The House Republicans essentially are offering a “clean” debt-limit increase in exchange for negotiations over reopening the government, aides said. The government shutdown would not end until Obama agreed to “structural reforms” to the tax code and federal health programs.


The House GOP leadership would like to hold a vote Thursday night on the plan, provided that Obama accepts it in the meeting scheduled for 4:30 p.m. But such a vote is more likely Friday, aides said.


The Senate is currently on track to vote Saturday on a Democratic proposal for a clean debt-limit hike, but that might be moved up to Friday.


The Republican plan for a six-week increase in the debt limit, without conservative strings attached, was aimed chiefly at calming jittery financial markets, according to senior GOP advisers.


The plan was presented to the House GOP caucus Thursday morning after Lew warned lawmakers that he would be unable to guarantee payments to any group — whether Social Security recipients or U.S. bondholders — unless Congress raises the federal debt ceiling.


If the GOP plan goes over well with rank-and-file Republicans, Boehner could put the legislation on the floor for a vote late Thursday, aides said.


House Majority Leader Eric Cantor (R-Va.) described the plan at the news briefing as “a temporary extension of the debt ceiling in exchange for a real commitment by the president and the Senate majority leader to sit down and talk about the pressing problems” facing the country. Rep. Kevin McCarty (R-Calif.), the House majority whip, characterized these problems as “drivers” of increasing federal debt.


Obama has indicated he could support a short-term debt-limit hike, but he has also demanded that Republicans allow the government to reopen before he would negotiate with the GOP.


If the Republicans want to negotiate, they should “reopen the government, extend the debt ceiling,” Obama said last week. “If they can’t do it for a long time, do it for the period of time in which these negotiations are taking place.”


Carney, the White House spokesman, told reporters Thursday afternoon: “The president is happy that cooler heads at least seem to be prevailing in the House, that there at least seems to be a recognition that default is not an option.” However, Obama “believes it would be far better . . . to raise the debt ceiling for an extended period of time,” as Senate Democrats are proposing.

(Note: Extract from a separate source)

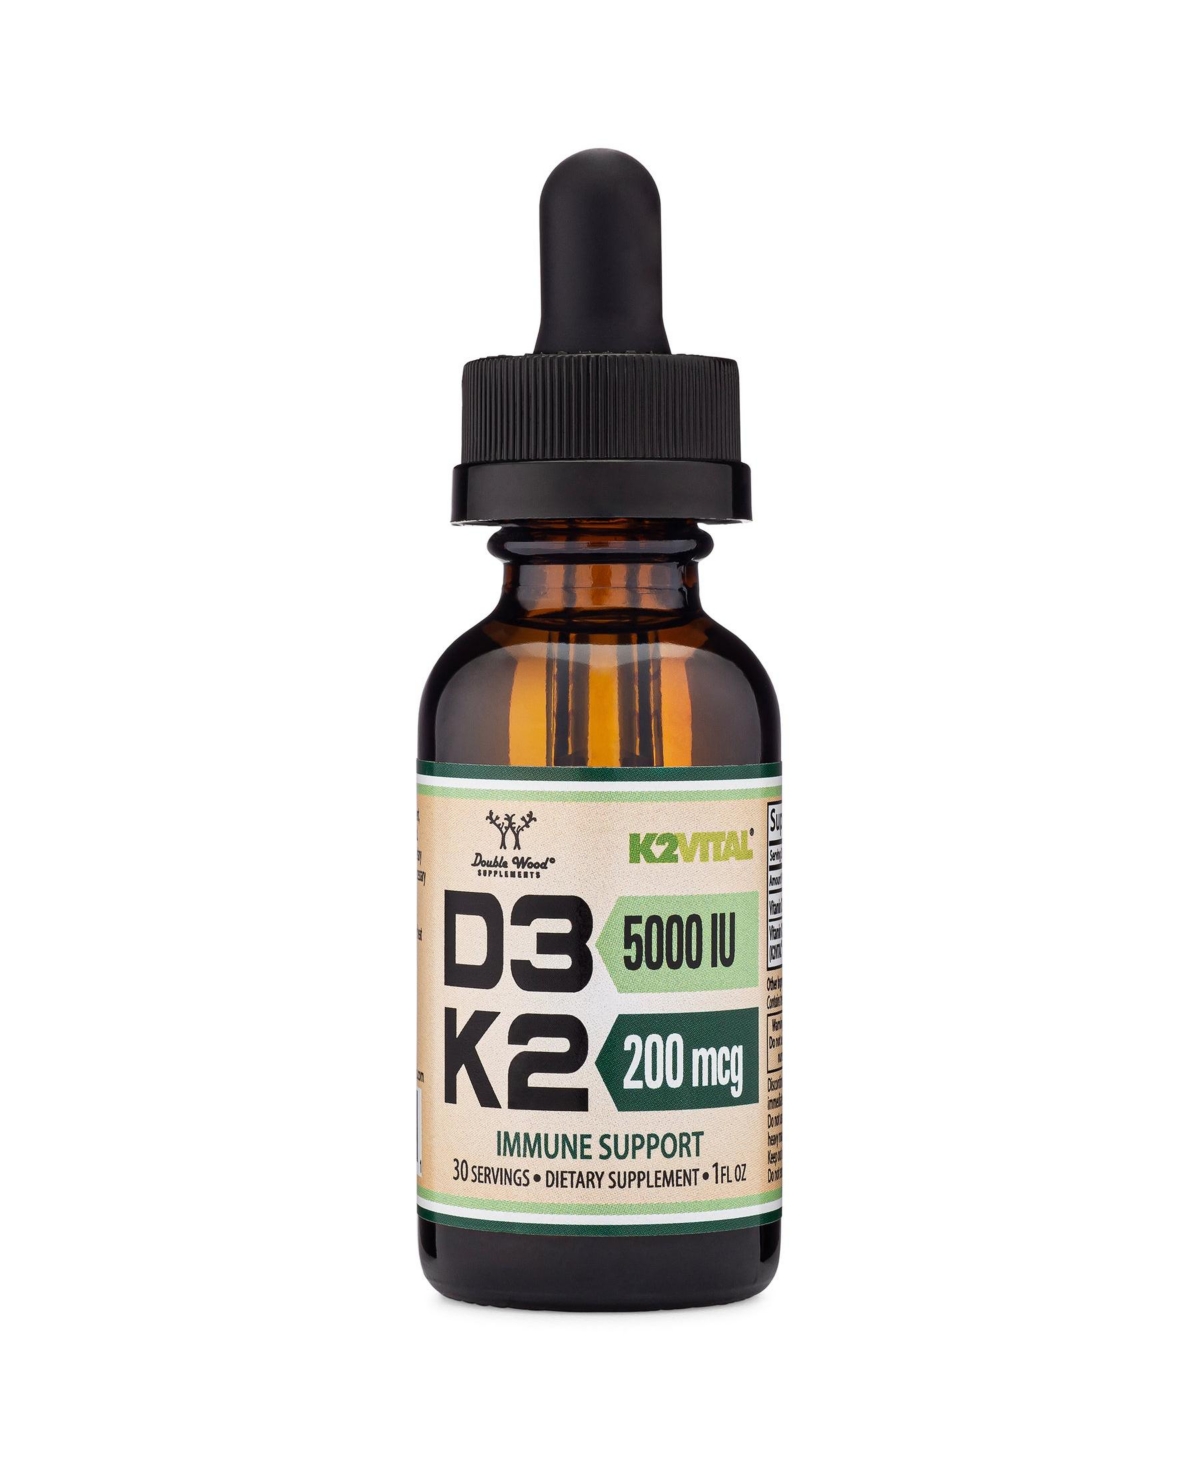 Vitamin D3 + K2 Liquid - 5000 Iu D3, 200 mcg K2 / mL, 30 servings

“It would be far better for the economy if we stopped this episodic brinksmanship and . . . mothballed the nuclear weapon here, which is the threat of default, for a longer duration,” Carney said. “But it is certainly at least an encouraging sign that . . . they are not listening to the debt-limit and default deniers.” If Republicans now recognize that default cannot be permitted, he added, “why keep the nuclear weapon in your back pocket?”


The first reactions from Republican House members appeared generally positive. But several insisted they would back the measure only with a commitment from the president to open negotiations over the next debt-ceiling hike.


“All we’re doing is saying, if the president hasn’t come towards us, we’ll just move the deadline out and offer it again,” said Rep. John Fleming (R-La.). “We haven’t changed our position. We’ve just changed the timeline.”


Fleming rejected the idea that the proposal represents a concession from Republicans. “Not really, if we get a concession from the president, to sit down and negotiate. If he doesn’t agree to that, I won’t agree to the debt ceiling.”